5. Friendliest to least friendly of those pets? 

Thank you!


----------



## ForestWomble (May 2, 2013)

Chrono said:


> I am not sure what pet would be best for me to get. I have read that most of these pets are better as two (excluding Syrian hamsters). I am looking to get 1 rabbit, 1 Syrian hamster, 2 dwarf hamsters, 2 gerbils, 2 guinea pigs or 2 chinchillas. I have a few questions that will help me choose.
> 
> 1. What is the recommended cage size for these pets?
> 2. Are they all Nocturnal? Which sleep more at night?
> ...


I have had Syrian hamsters and gerbils. I haven't had any of others so will only answer for those I've had, hope it helps.

OK. First Syrian hamster:

1. Aim for a minimum of 24 inches by 12 inches, and at least 12 inches tall. However bigger the better, so go as big as you can. 
2. Syrians are nocturnal.
3. Once a week for a big clean, I did spot cleans when needed.
4. Not sure. You probably could, just make sure he/she has fresh water the day you leave and plenty of food. 
5. All my hamsters were friendly, some more so then others, I never got bitten.

Gerbils:

1. I have this cage: http://www.zooplus.co.uk/shop/small_pets/hutches_cages/gerbils_cages/189556 for my gerbils and there is plenty of room for them. Not sure how small you could go that is still good.
2. Gerbils are awake for a while, then have a sleep, etc etc day and night.They are more active at dawn and dusk.
3. I clean the cage once a fortnight.
4. You could leave them for a couple of days. Again just make sure they have fresh water and plenty of food.
5. I have never been bitten but they are very fast and I think prefer to not be handled too much.


----------



## Chrono (Mar 1, 2016)

Thank you!
I have narrowed it down and I will probably get a syrian hamster or a couple dwarf hamsters. Do you have any tips on buying them?
Should I buy them from a pet store? Find a breeder?
How old should they be?
What traits should I be looking for, for a healthy and friendly hamster?


----------



## ForestWomble (May 2, 2013)

Chrono said:


> Thank you!
> I have narrowed it down and I will probably get a syrian hamster or a couple dwarf hamsters. Do you have any tips on buying them?
> Should I buy them from a pet store? Find a breeder?
> How old should they be?
> What traits should I be looking for, for a healthy and friendly hamster?


Hamsters offered for sale should not be less than 5 weeks of age and males and females should be kept in separate cages to avoid buying a pregnant female. If the seller cannot guarantee the sex of any hamster then it is best to look elsewhere.

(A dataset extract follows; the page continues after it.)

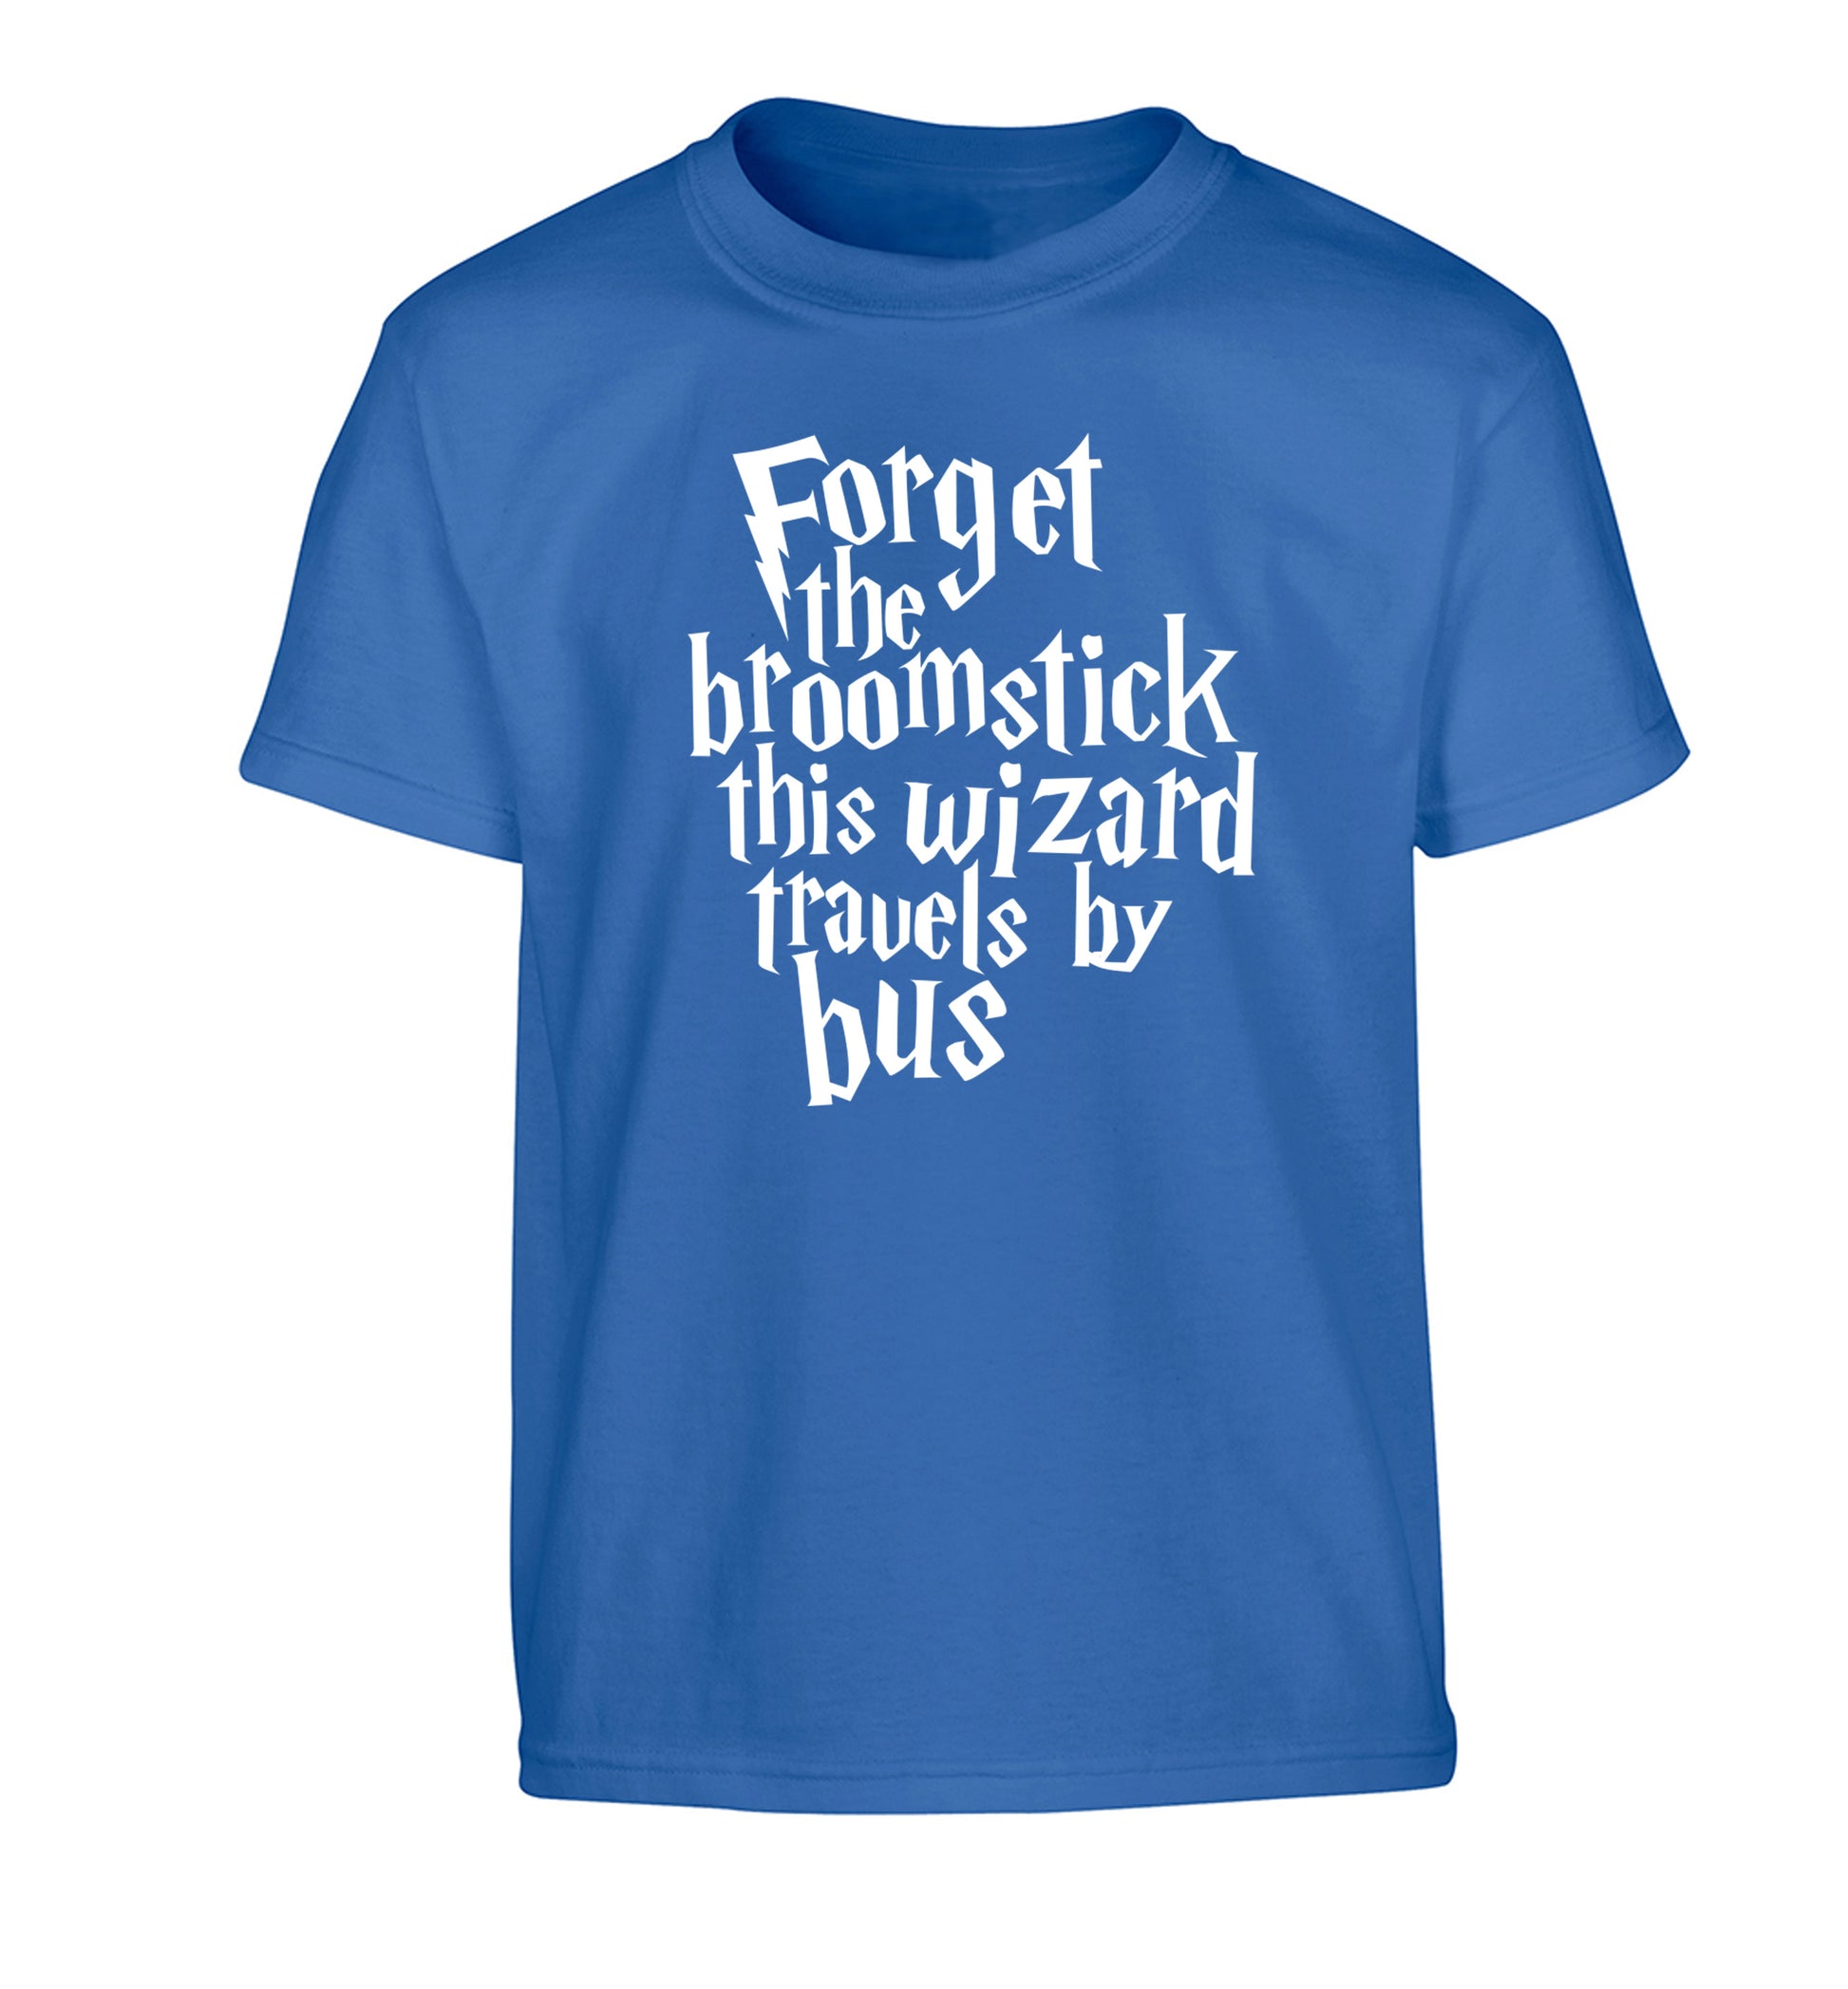 Forget the broomstick this wizard travels by bus Children's blue Tshirt 12-14 Years
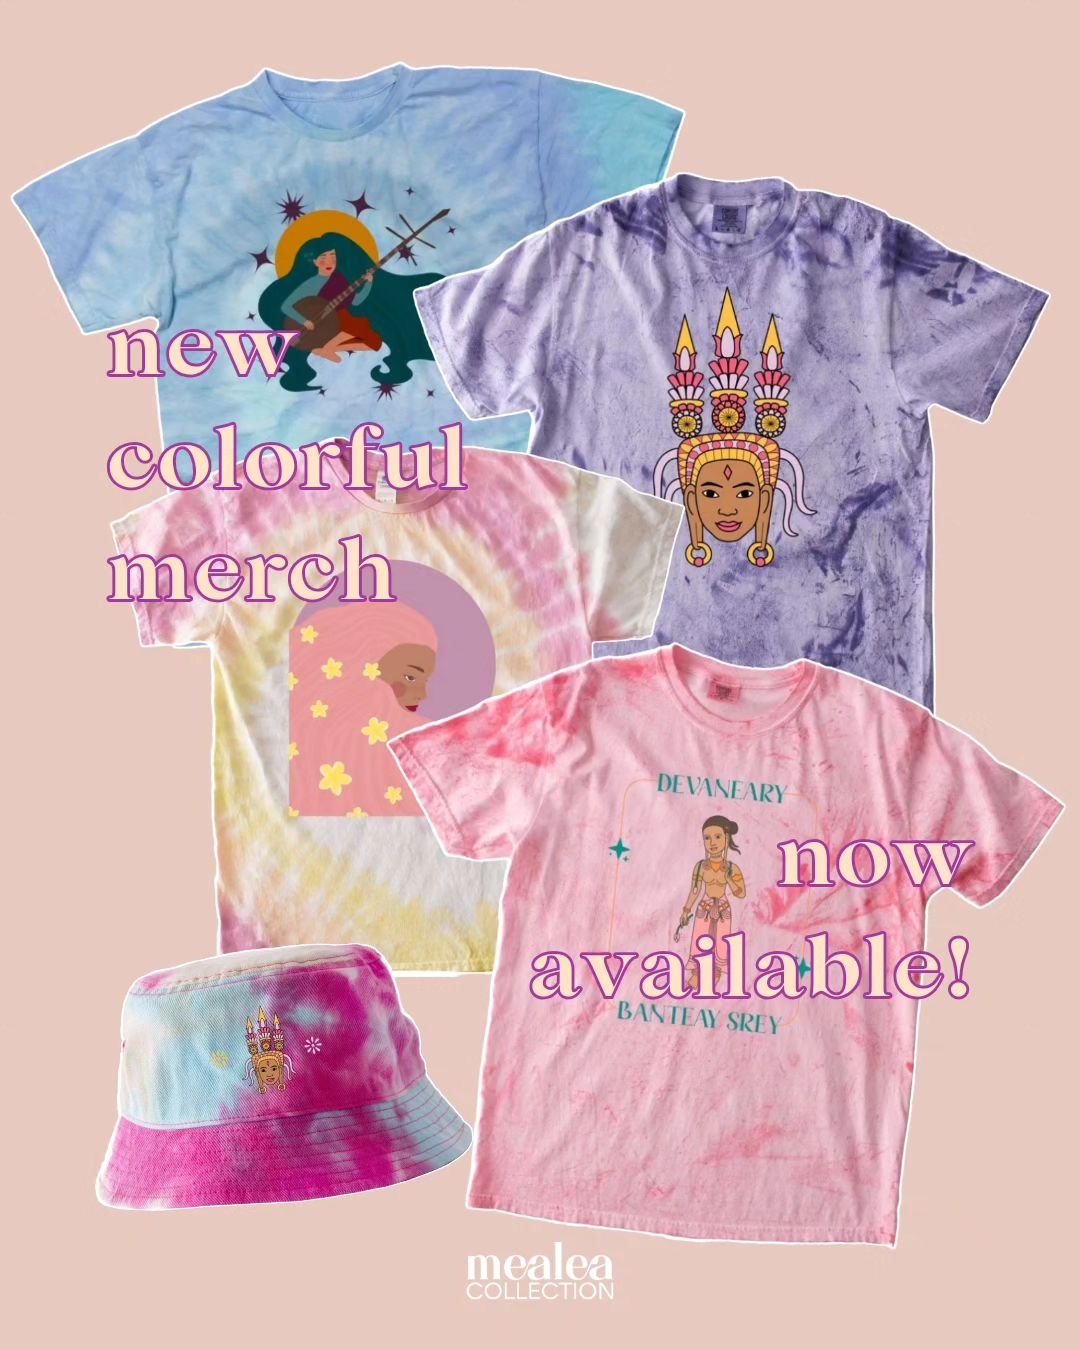 I'm back on Bonfire! But only to sell my designs using their line of colorful tie dye and color blast tees and bucket hats. For other tees and merch products, they'll be available directly on my shop. I've been working on getting art prints listed an

First check that the cage is clean and not overcrowded, that any droppings in the cage look firm and not runny, and that the hamsters have access to food and water.

Next look at all the hamsters in the cage to see that they all look healthy and are lively when awake as if one hamster appears ill there is a chance that others in the cage may also be ill or are at risk of becoming ill as some illnesses may not display symptoms for a few days after infection. Look out for sneezing, excessive scratching, dirty coats or lethargy as any of these could indicate health problems.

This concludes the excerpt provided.